Disclaimer: I'm the author of the linked PR. Using AI here is not really at fault here - it was just a giant rewrite that replaced how we do `node:http` in Deno. Replacing the engine while driving is never easy and we did the best we could. While we have a lot of test coverage and we use tests directly from Node.js codebase, we just don't catch everything. We're constantly working on improving the situation and I'm sorry you hit a problem. I can assure you that we are fixing all Node compat bugs as quickly as possible.
Maybe reality isn't represented by the git logs, but according to them, you appear to have composed, reviewed and merged 131 commits affecting 58 files and 6000 lines -- a task that you say amounts to "replacing the engine while driving" -- in the span of one week.
If that's accurate, of course your reliance on AI is at fault here.
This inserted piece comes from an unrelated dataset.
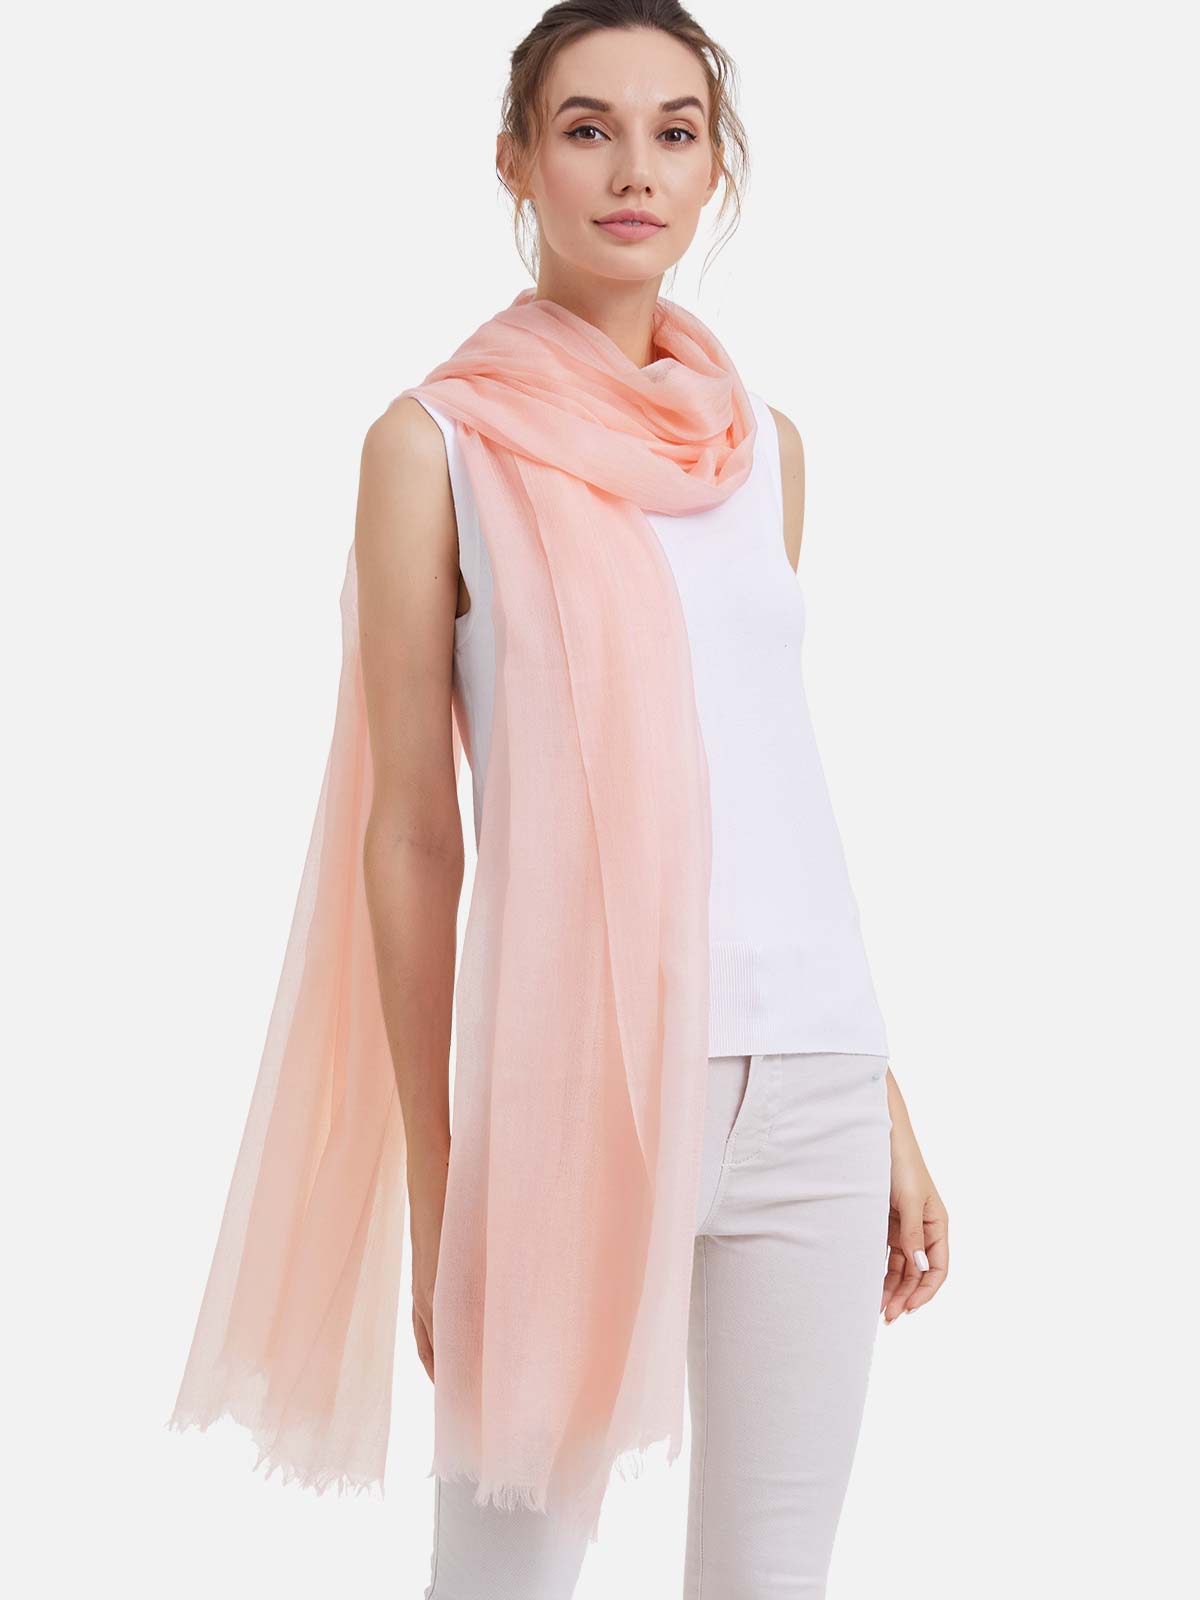 Featherlight Pink Cashmere Scarf

It invites you to mistake velocity for quality and conflate test satisfaction for completion.
Without AI, this effort would likely have taken much longer and an experienced team would have approached it with due meticulousness, being especially stringent in review. Absorbed in it, the work would have weighed on their unconscious while they slept, with "Ah shoot, did I consider XYZ?" moments striking them in the shower. Ideally, familiar with the specific contributors (i.e. you) and their style of work, the reviewer who later consider merging the work would have ideas what to watch out for and would spend extra time looking at the details you might not have fully considered. It's a whole decades-matured craft practice that can do a pretty good job of making sure that a refactor of this scale doesn't land in main too broken.
And while that version still probably wouldn't have been entirely flawless either, or might never have even been attempted because of its greater calendar and attention burden, that doesn't mean that using AI wasn't responsible for why and how this version is broken.
This is exactly how AI makes things worse and why many people are wary of relying on third-party projects that embrace it too blithely. If you're going to use it, that's great, and maybe it will help you keep landing big features more quickly than otherwise -- but at least accept responsibility for the tradeoffs that you're inviting when you do so.
Can we please not turn Deno into junk? If you do the above -- what's the point of Deno?
Once you bolt everything on like that you might as well just use Node.
Deno started off with its own tools. Bun has managed a good balance between compatibility and its own thing (the recent moves aside) without resorting to these tactics...
Are you sure you "failed"? Maybe there was good enough compatibility and that wasn't the problem?
The problem sounds like a business 1 where you're after more users and you deem this "magic compatibility" is fixing it. Well maybe that's not it.
A lot of people tried Deno and even tried to build libraries for it back some years ago. What you "failed" at is building the traction, ecosystem and community support.
Compatibility doesn't buy you moat. Deno specific ecosystem, libraries and services etc do.
To demonstrate how amazing bun is in comparison.
> "Deno has no future"
I think there may be other things bothering you? These comments aren't really productive and discourage maintainers to even continue replying.
Disclaimer: I am a maintainer.
bro what
I've been told I'm insane, retarded, a megalomaniac, or simply extinct. People I once respected are trying to convince the next generation not to learn, not to gain skill, not to build community. People with as much logic as a heap of bat feces tell me confidently that code is "over". Now if I was an AI I'd be very polite about this, but I'm a human so I say they can go fuck themselves.
I started a new project on Deno to avoid the NPM mess. Node compatibility was a distraction for the product.
I'm tired of everything depending on Node. Assuming that everybody uses it is lazy.
I've gone back and forth on this point over the years.
Yeah, Node compat has probably affected the rest of the product. I imagine at some point they (or their investors) freaked out because adoption wasn't happening. And the reality is it really doesn't matter if your product is better when nobody is using it.
In retrospect I think it would have been a better decision to target Node compat from the start like Bun did. An impossible option at the time given Deno started trying to make something different from Node.
Or maybe the problem was simply they couldn't afford low adoption after having investors on board.